● **Aim of the exercise**: Retype exactly the span of lines below from the one with "Mardin 24188 Hand" through the one with "قصة قصيرة للاطفال". Do not include pictures.

● **Excerpted data**:
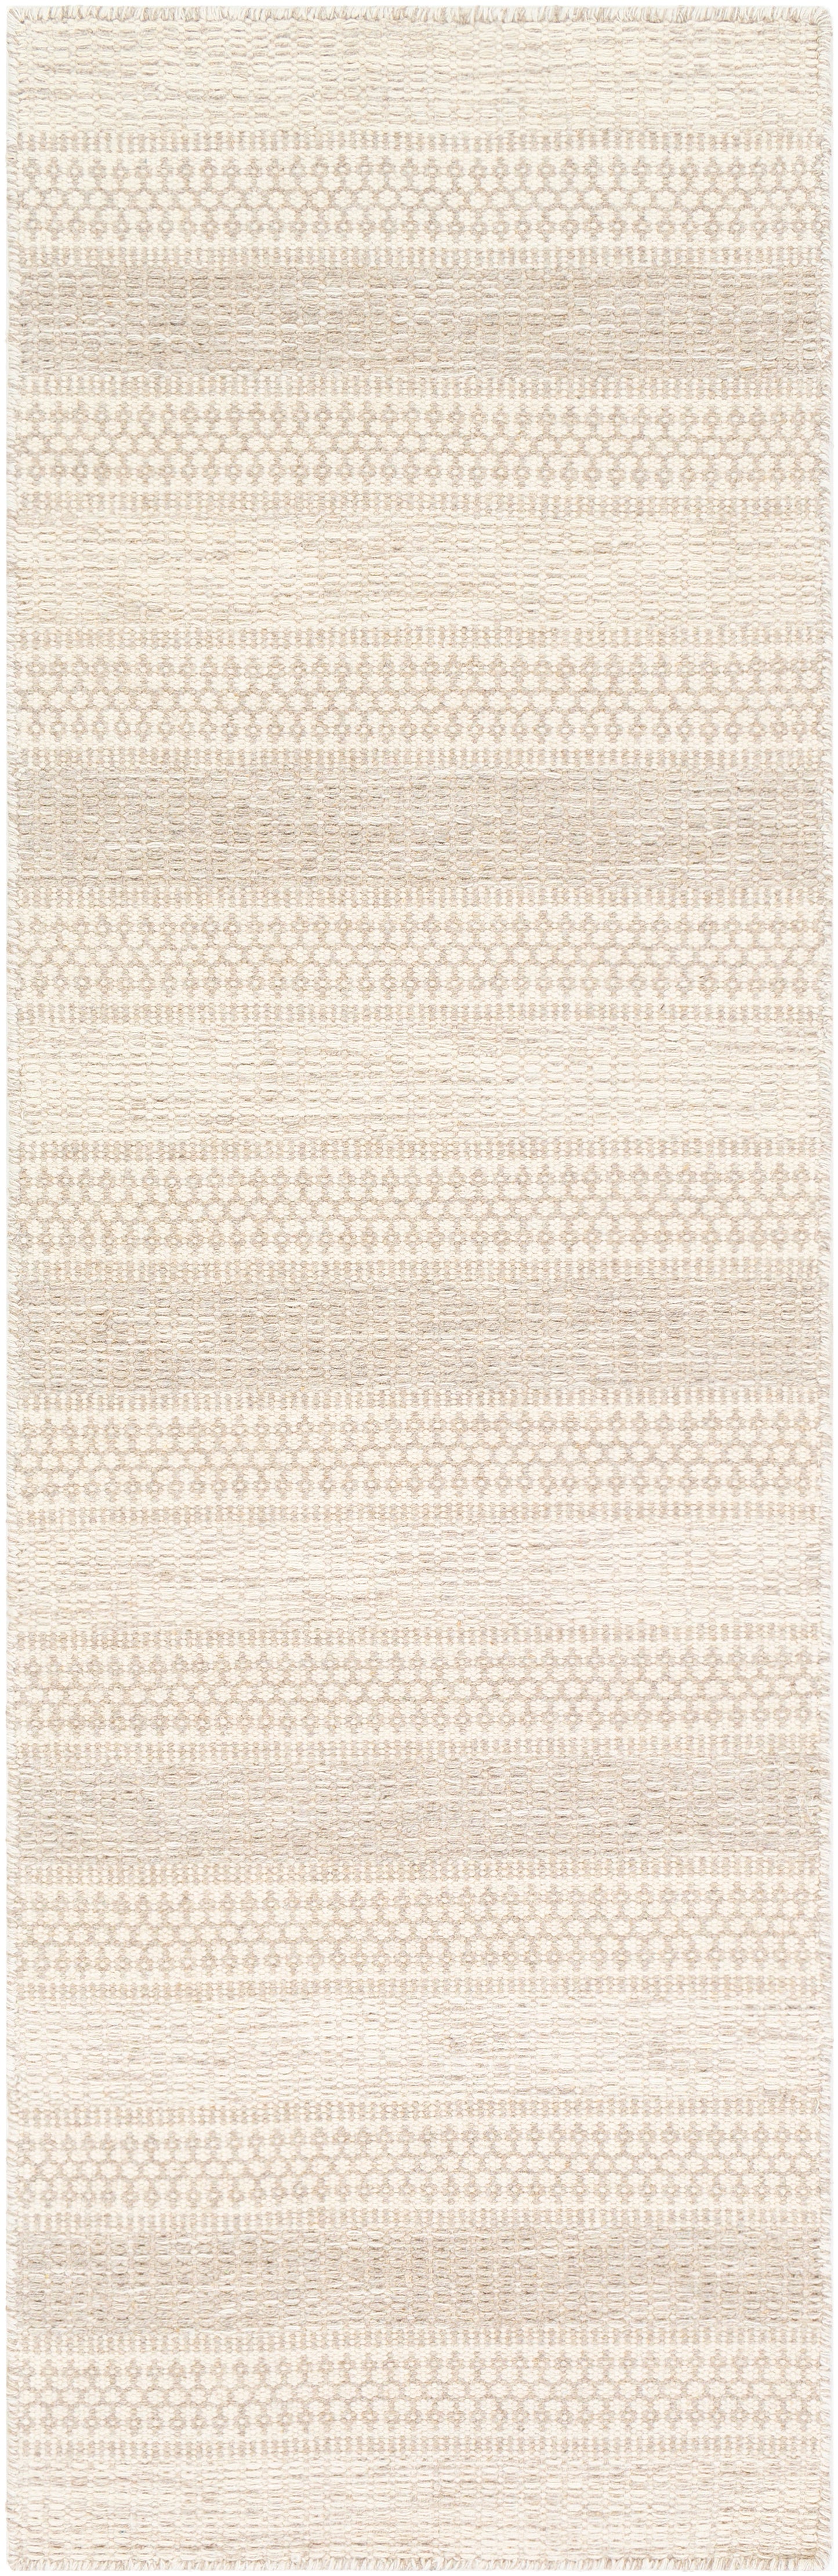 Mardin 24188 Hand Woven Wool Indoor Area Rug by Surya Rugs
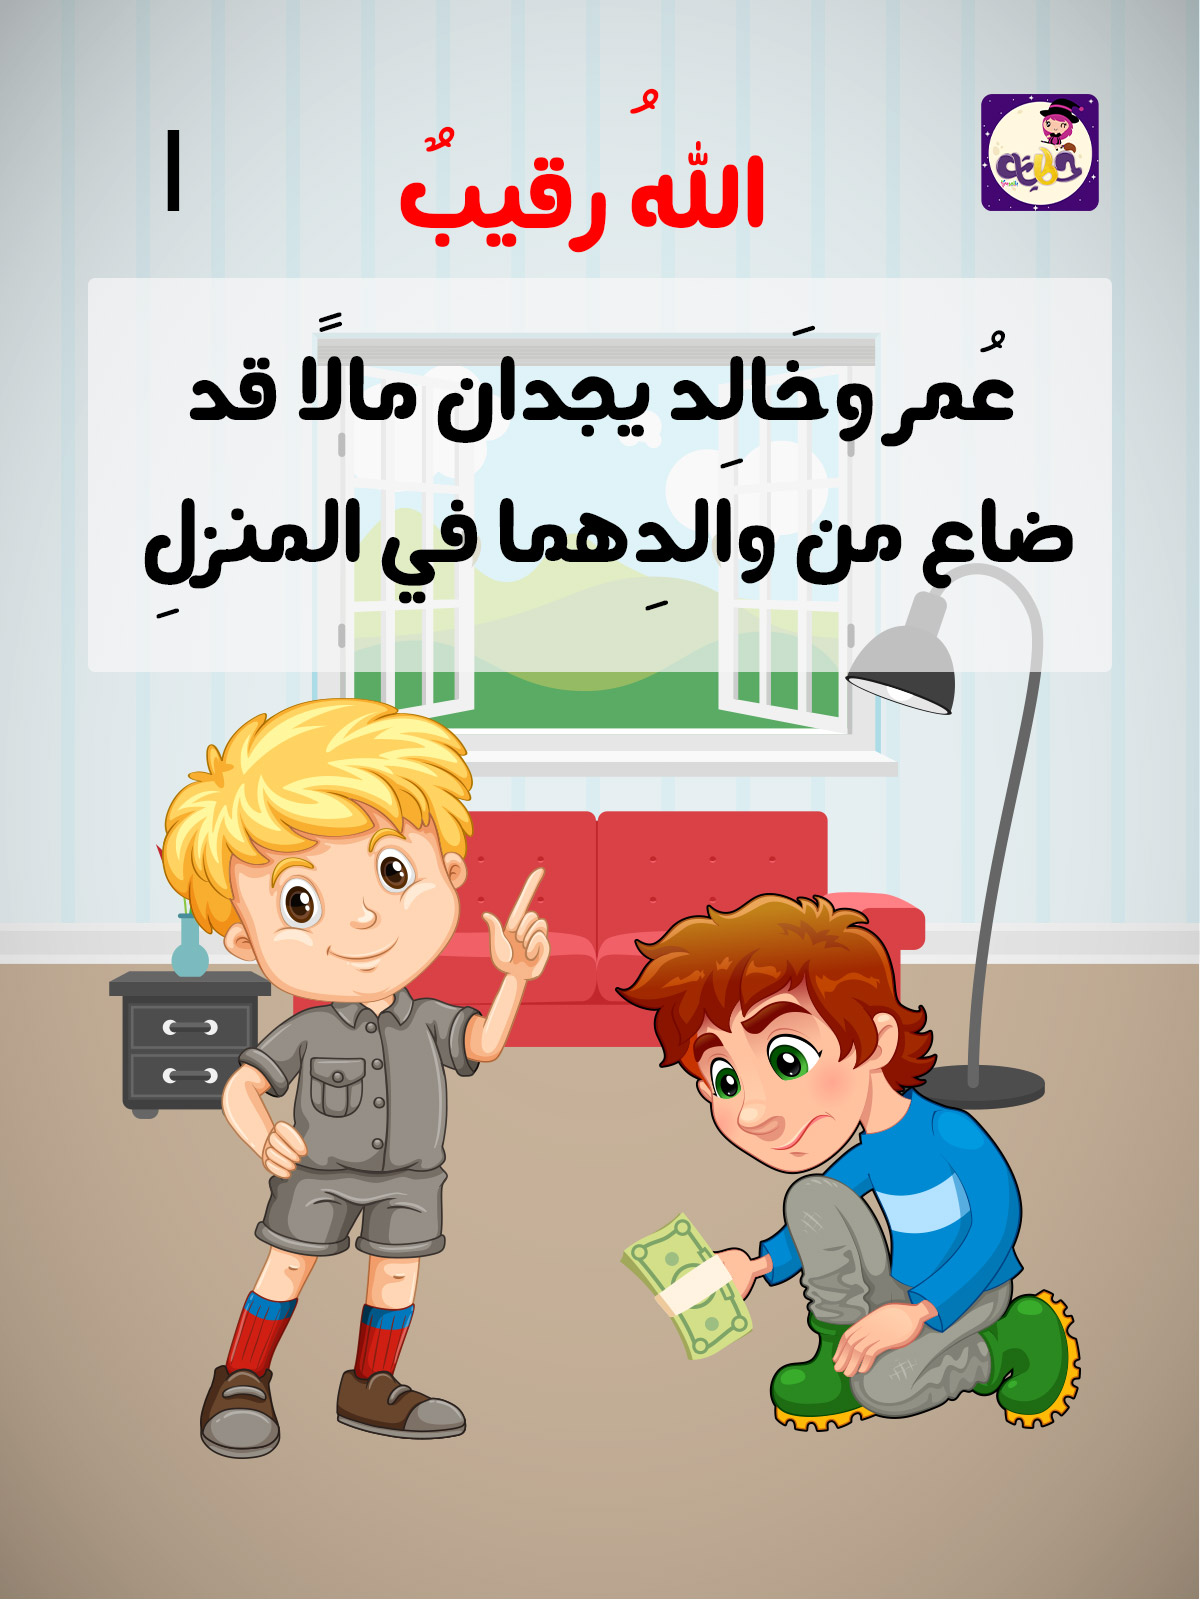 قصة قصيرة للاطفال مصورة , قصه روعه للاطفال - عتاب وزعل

* * *

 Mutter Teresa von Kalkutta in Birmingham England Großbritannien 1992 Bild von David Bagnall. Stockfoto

...

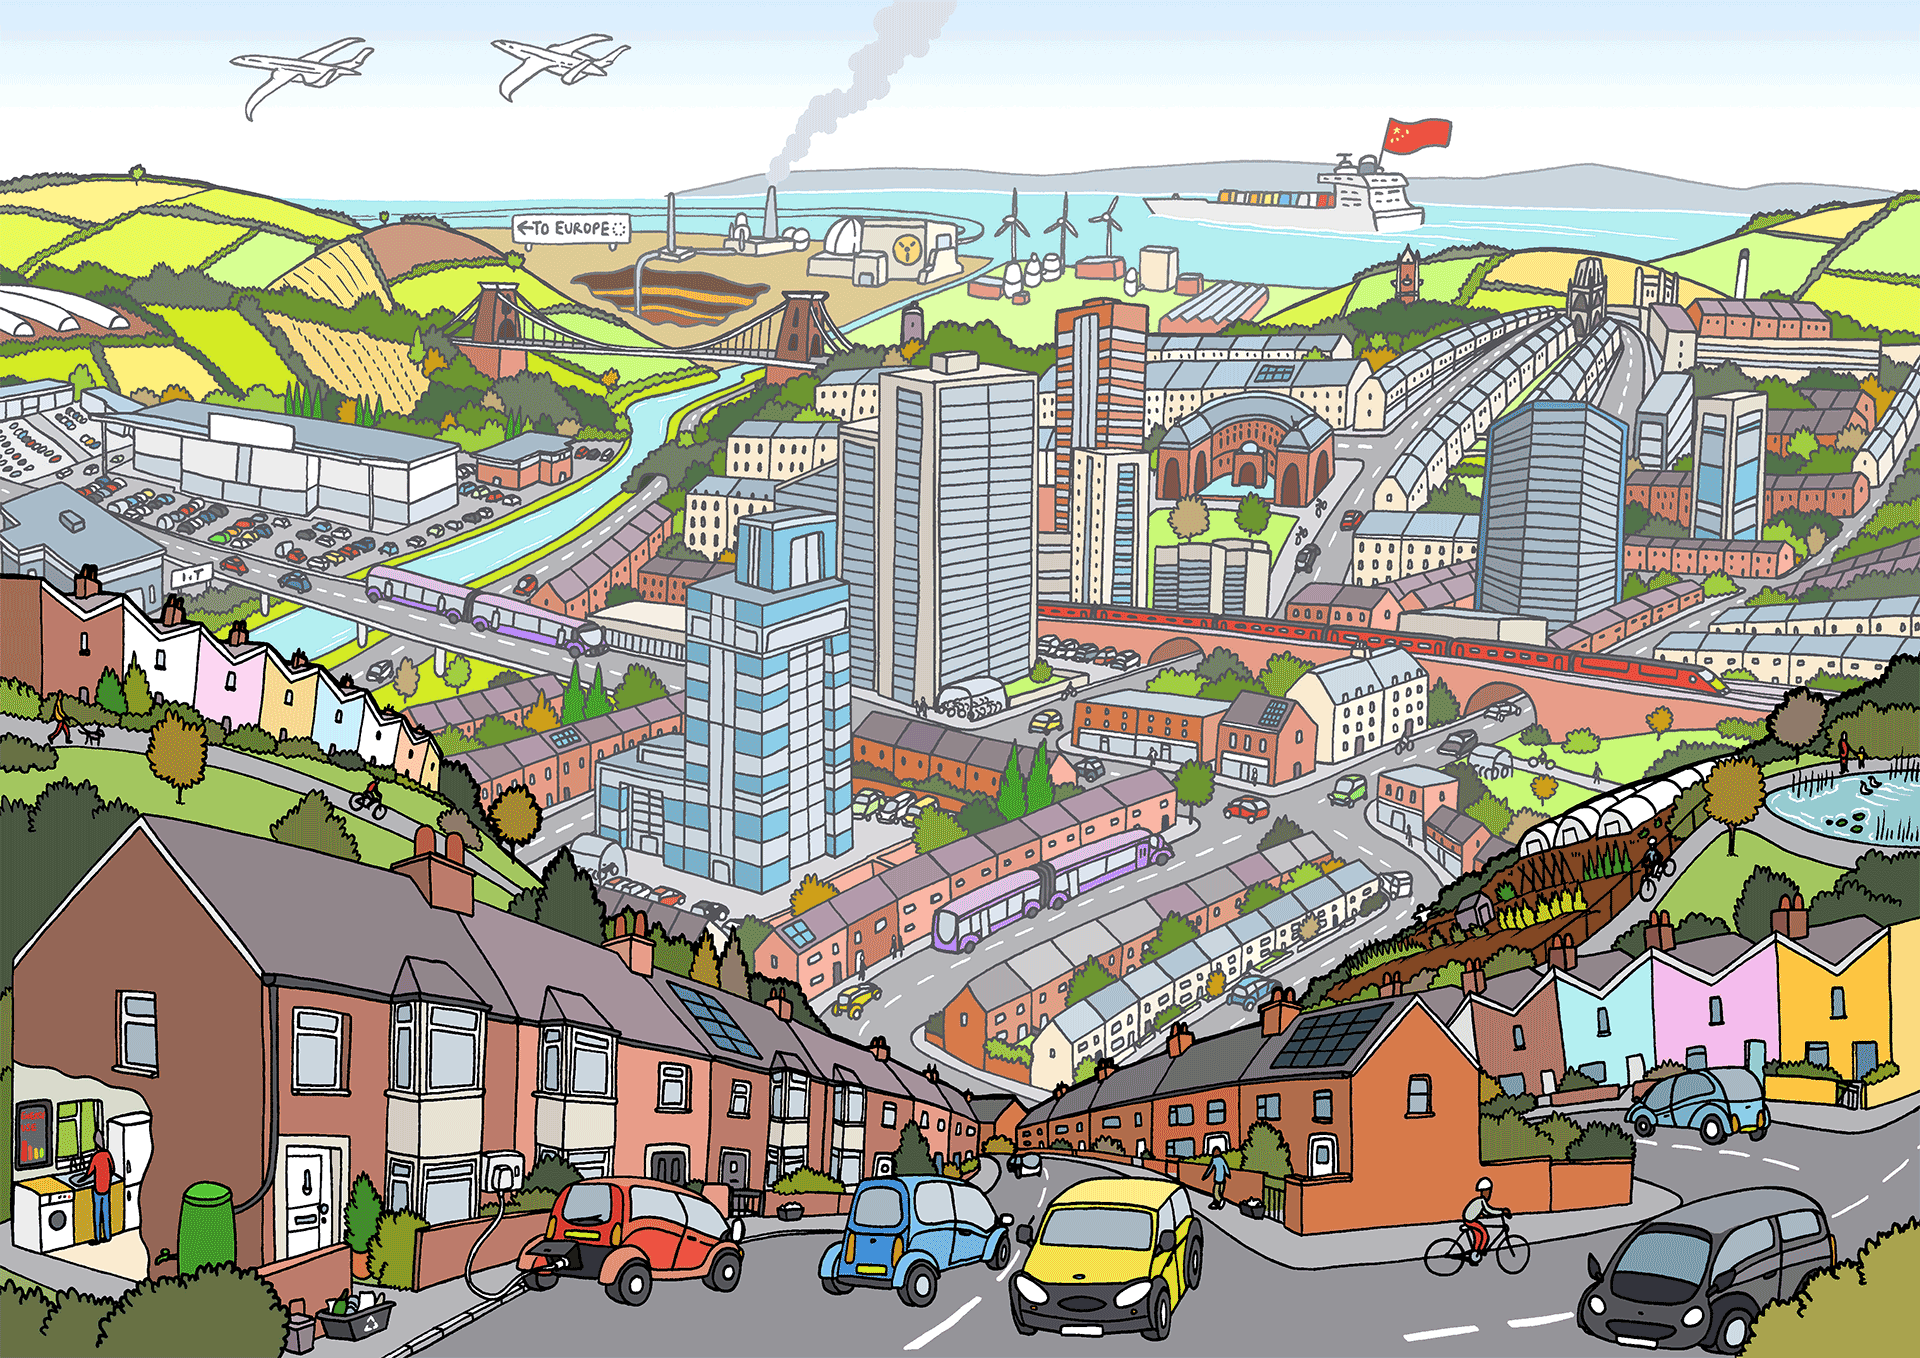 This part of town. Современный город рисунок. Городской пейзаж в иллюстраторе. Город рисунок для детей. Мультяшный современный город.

● **Answer box**:
 Mardin 24188 Hand Woven Wool Indoor Area Rug by Surya Rugs
 قصة قصيرة للاطفال مصورة , قصه روعه للاطفال - عتاب وزعل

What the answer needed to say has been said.